■ Exercise directions ■
Each line below must be reproduced exactly as it stands. Pictures stay out of the copy.

*** Supplied information ***

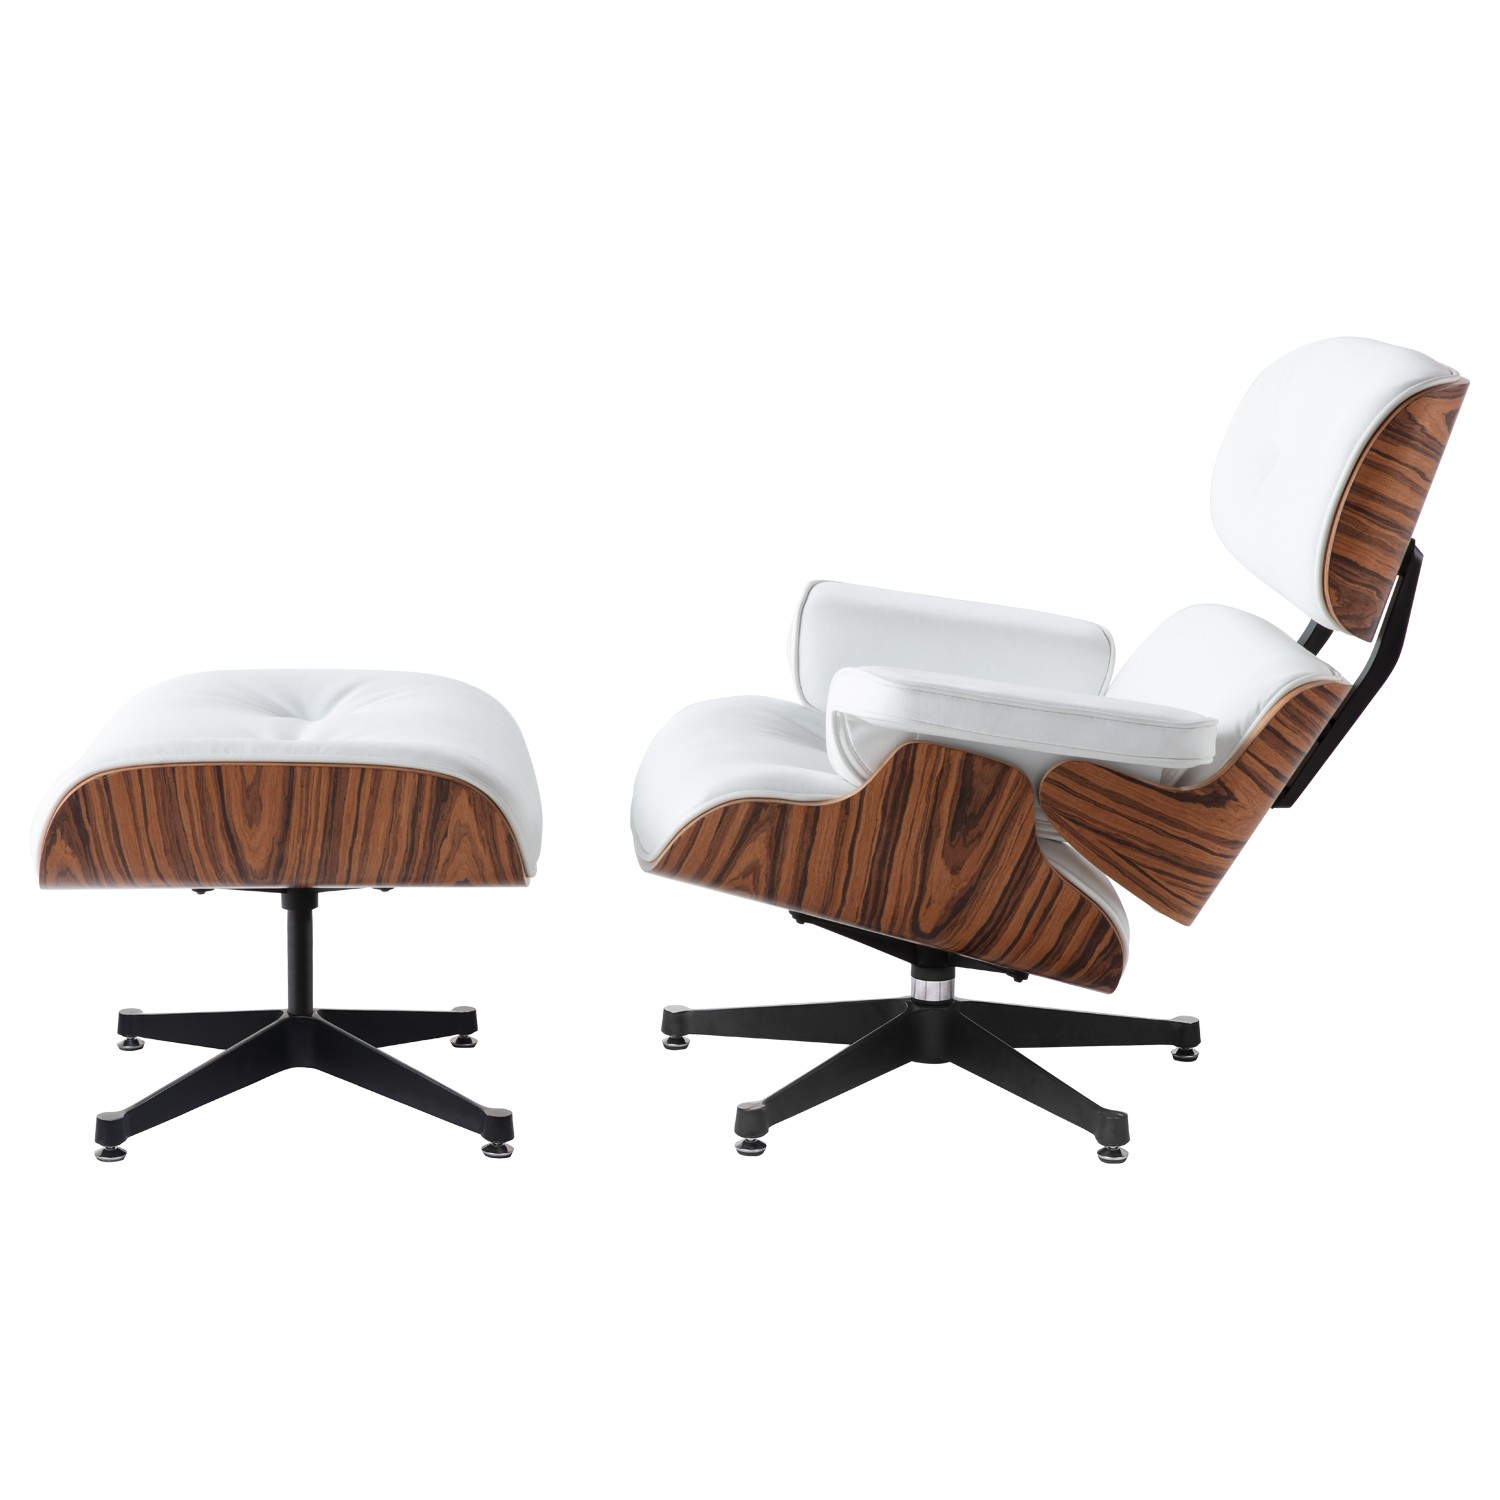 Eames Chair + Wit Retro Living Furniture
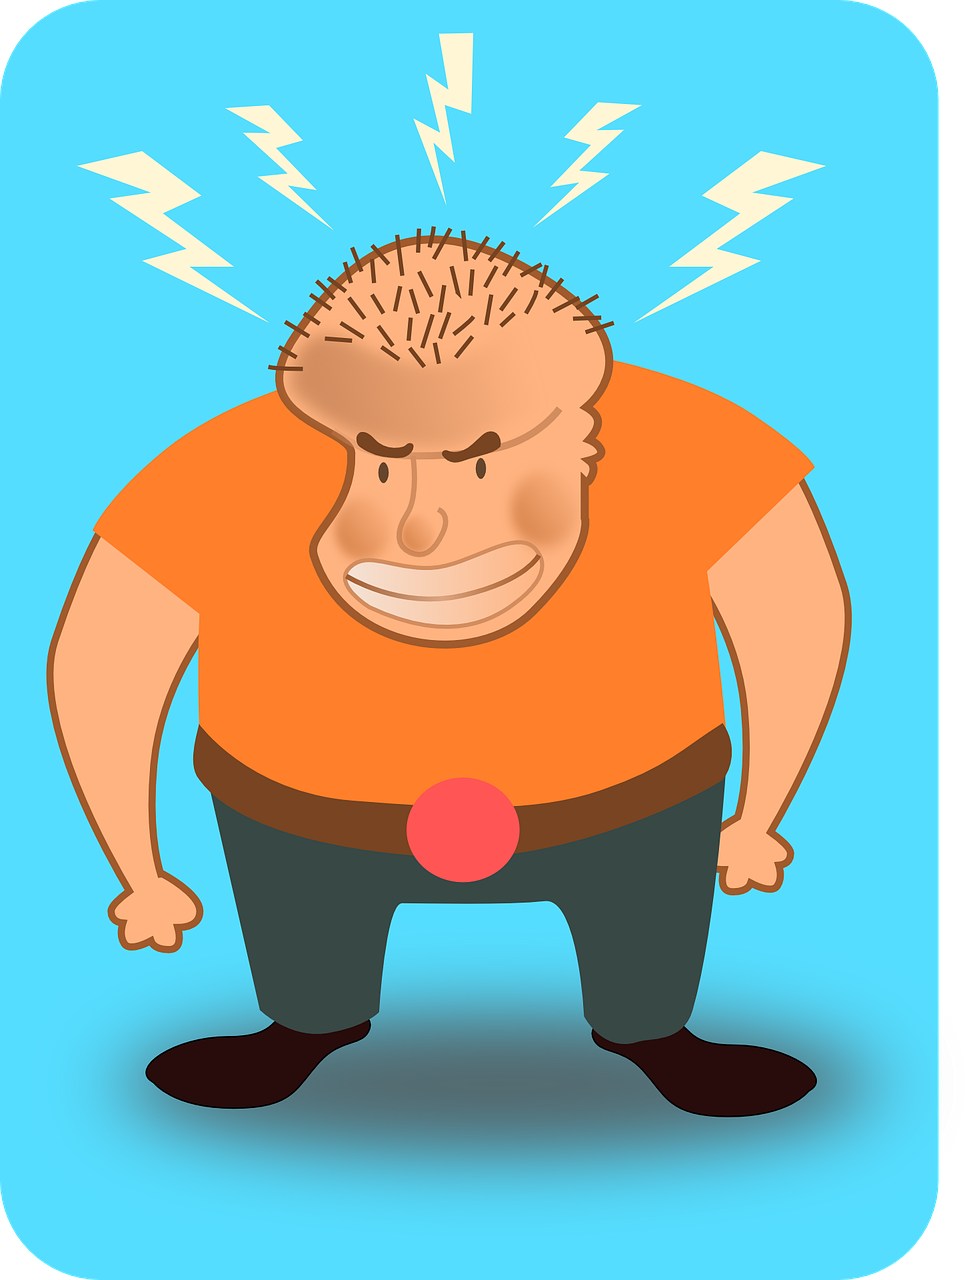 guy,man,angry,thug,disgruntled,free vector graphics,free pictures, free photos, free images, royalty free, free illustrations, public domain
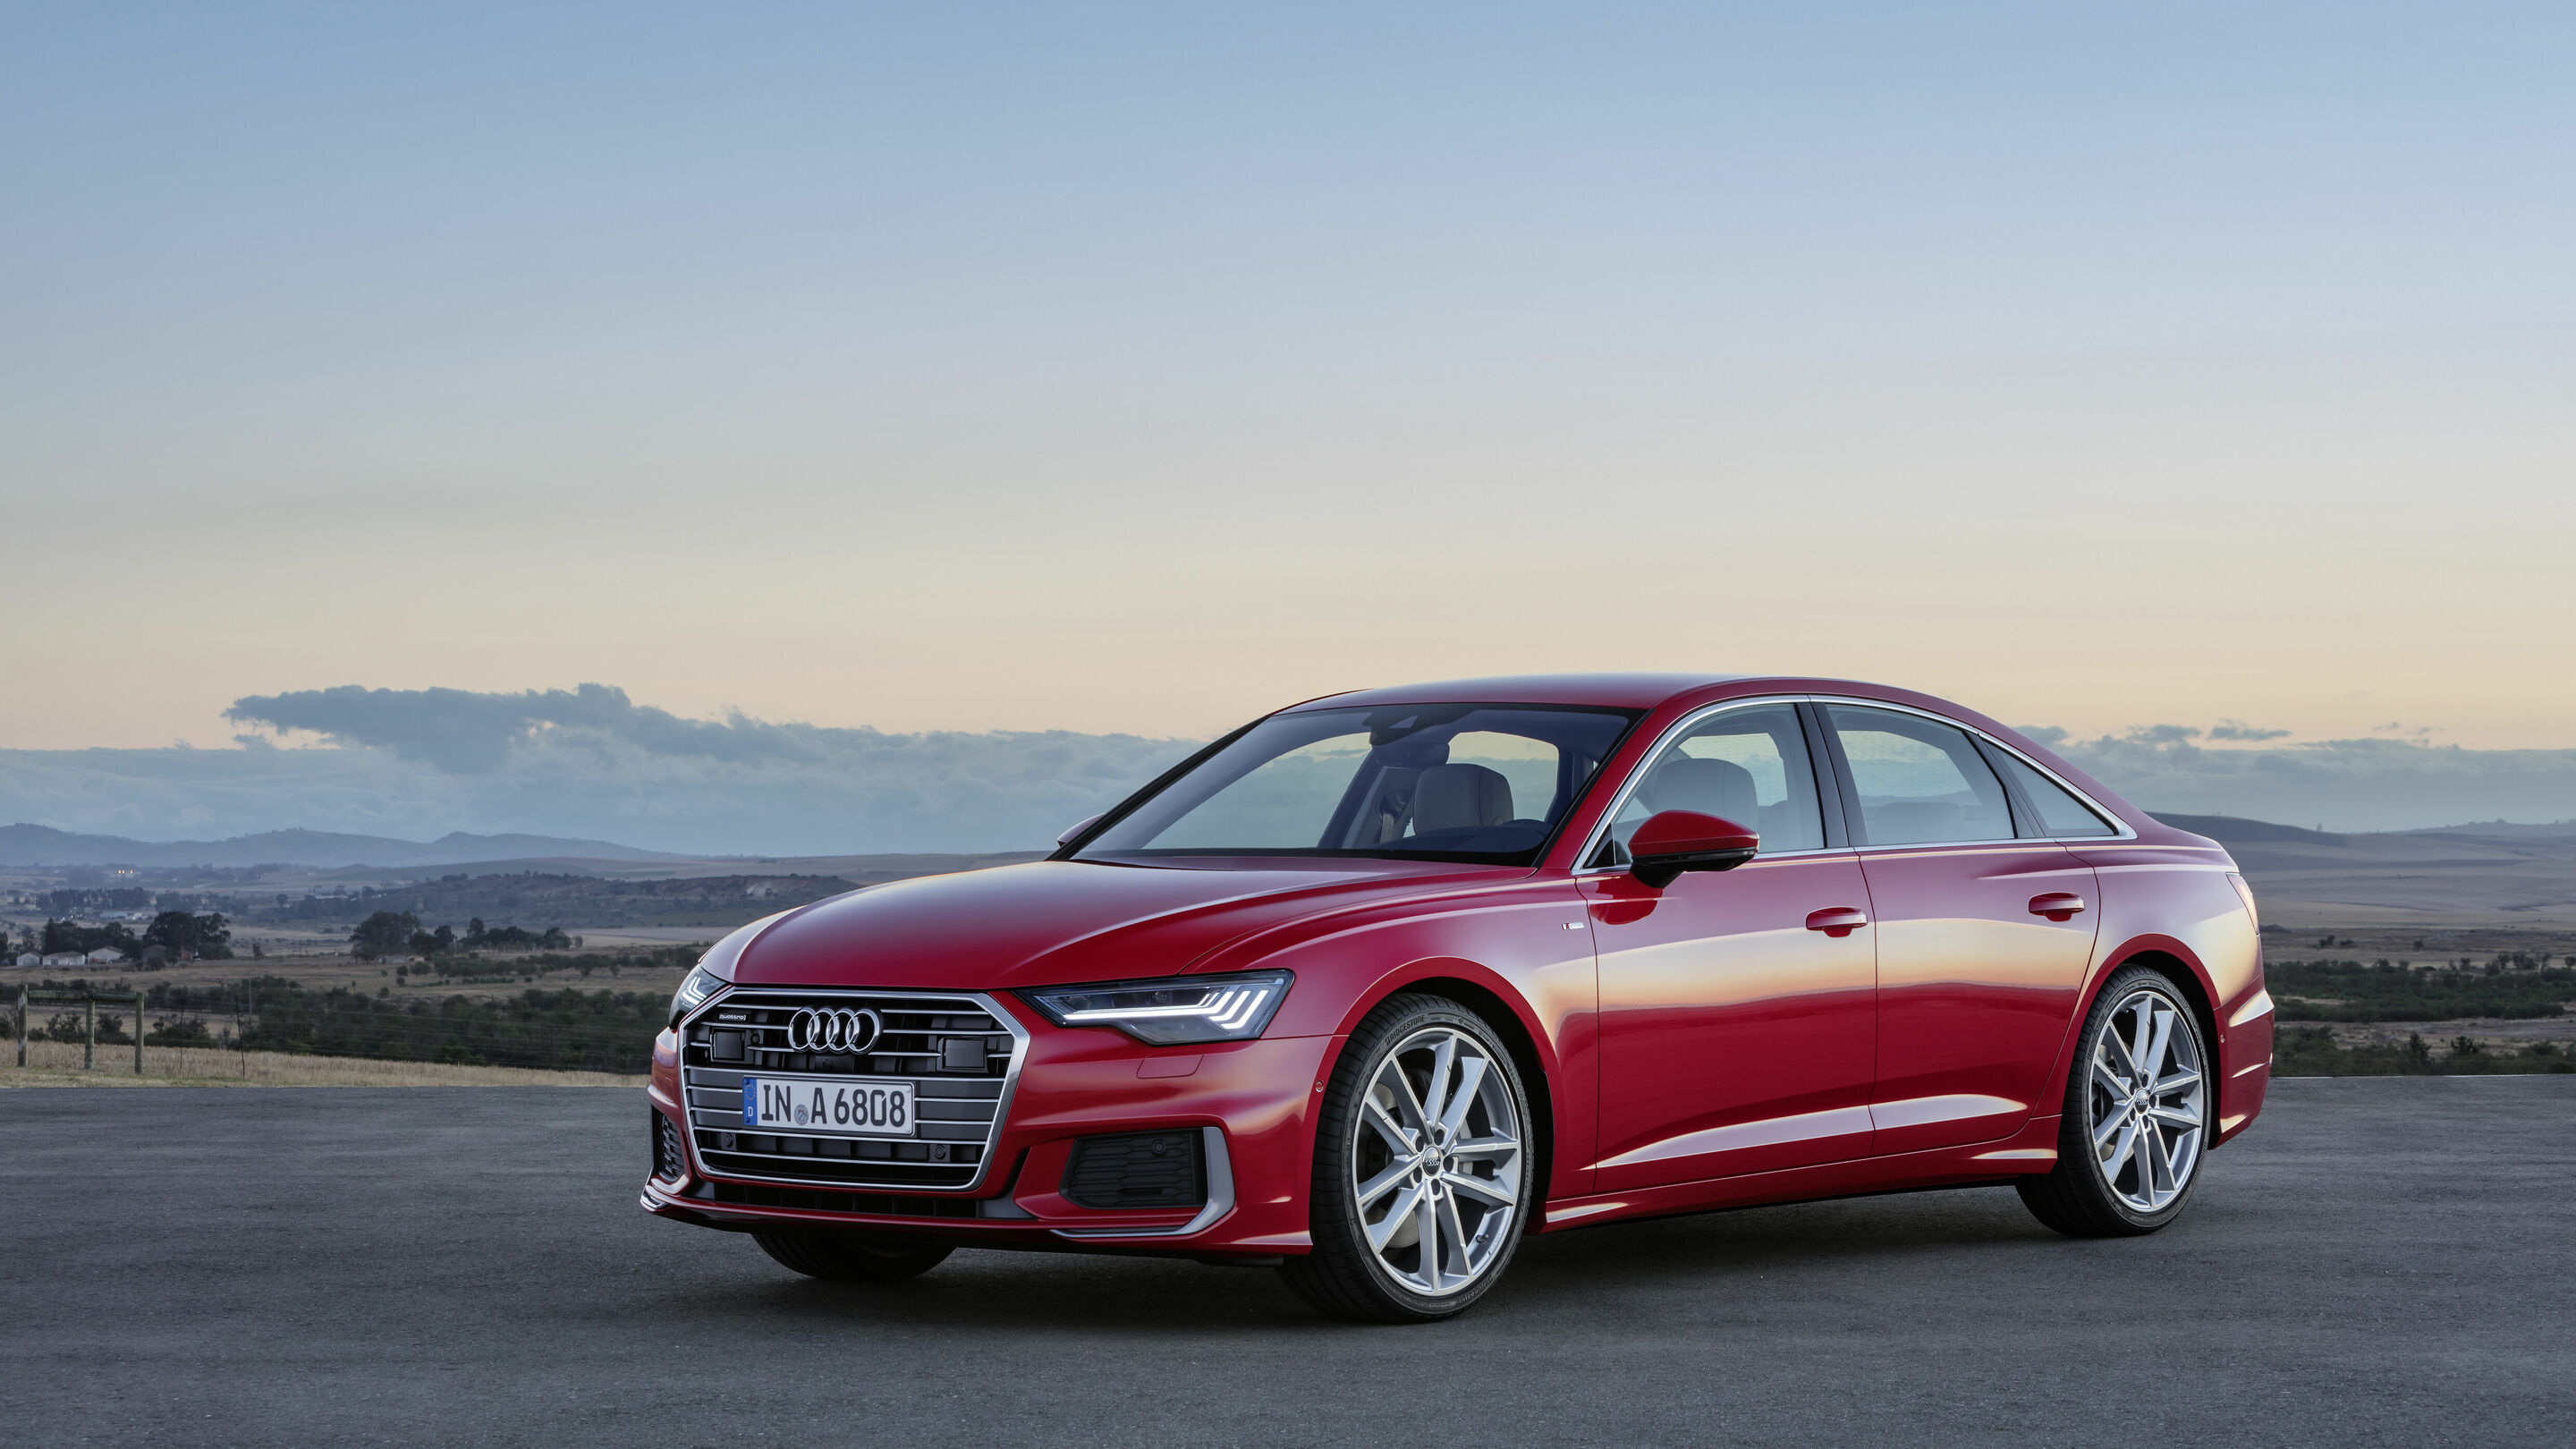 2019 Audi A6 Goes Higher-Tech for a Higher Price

*** End of Supplied information ***

■ Response to this exercise ■
 Eames Chair + Wit Retro Living Furniture
 guy,man,angry,thug,disgruntled,free vector graphics,free pictures, free photos, free images, royalty free, free illustrations, public domain
 2019 Audi A6 Goes Higher-Tech for a Higher Price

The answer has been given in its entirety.